Zlazłem wczoraj z dobowego dyżuru. Na nocy mieliśny dwie deski i znoszenie po schodach. Wrócilem do domu, poogarniałem sprawy, potem zakupy, odebrać pierdziocha z przedszkola, dać mu żryć, potem zawiozłem ją do rodziców i musiałem iść na noc. Zrobiłem sobie krótką drzemkę między 16 a 17. Kiedy się obudziłem, nie potrafiłem się podnieść. Ból od pośladka do kolana. Najpierw jakoś spełzłem z łóżka, potem długo się piobizowałem... Kuffa nie dam rady w robocie. Dojechałem, przebrałem się, nikt mi nie był w stanie tej nocki zabrać.

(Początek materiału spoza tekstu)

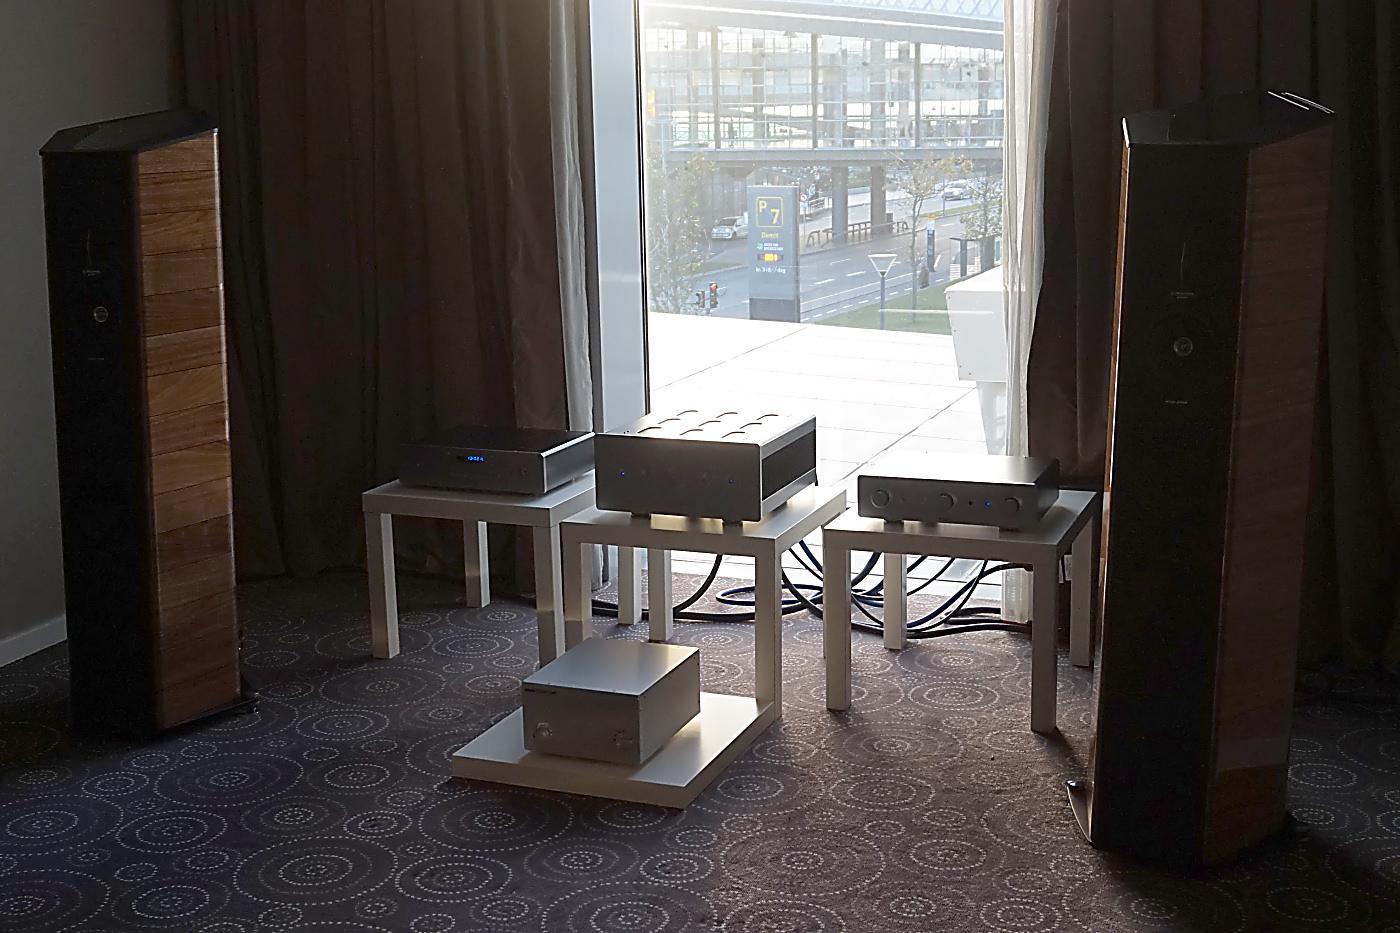 Sonus faber og Sudgen hos AB Audio. Foto: John Alex Hvidlykke, Lyd & Billede

Zlazłem do karetki, venflon 250 ml NaCl z ketonalem 100mg i dexaven 8. Zaczęło puszczać, pojechaľem na IP po receptę - nimesil i mydocalm forte. Od razu sobie zażyłem.
W nocy puściło a nad ranem jak ręką odjął.
Wróciłem do domu kawka i jeszcze jedna kroplówka taka jak wieczorem. Wszystko puściło.
Jak bym takich czynów dokonuwał 2000 lat temu, dziś wsiałym w waszym domu na krzyżu.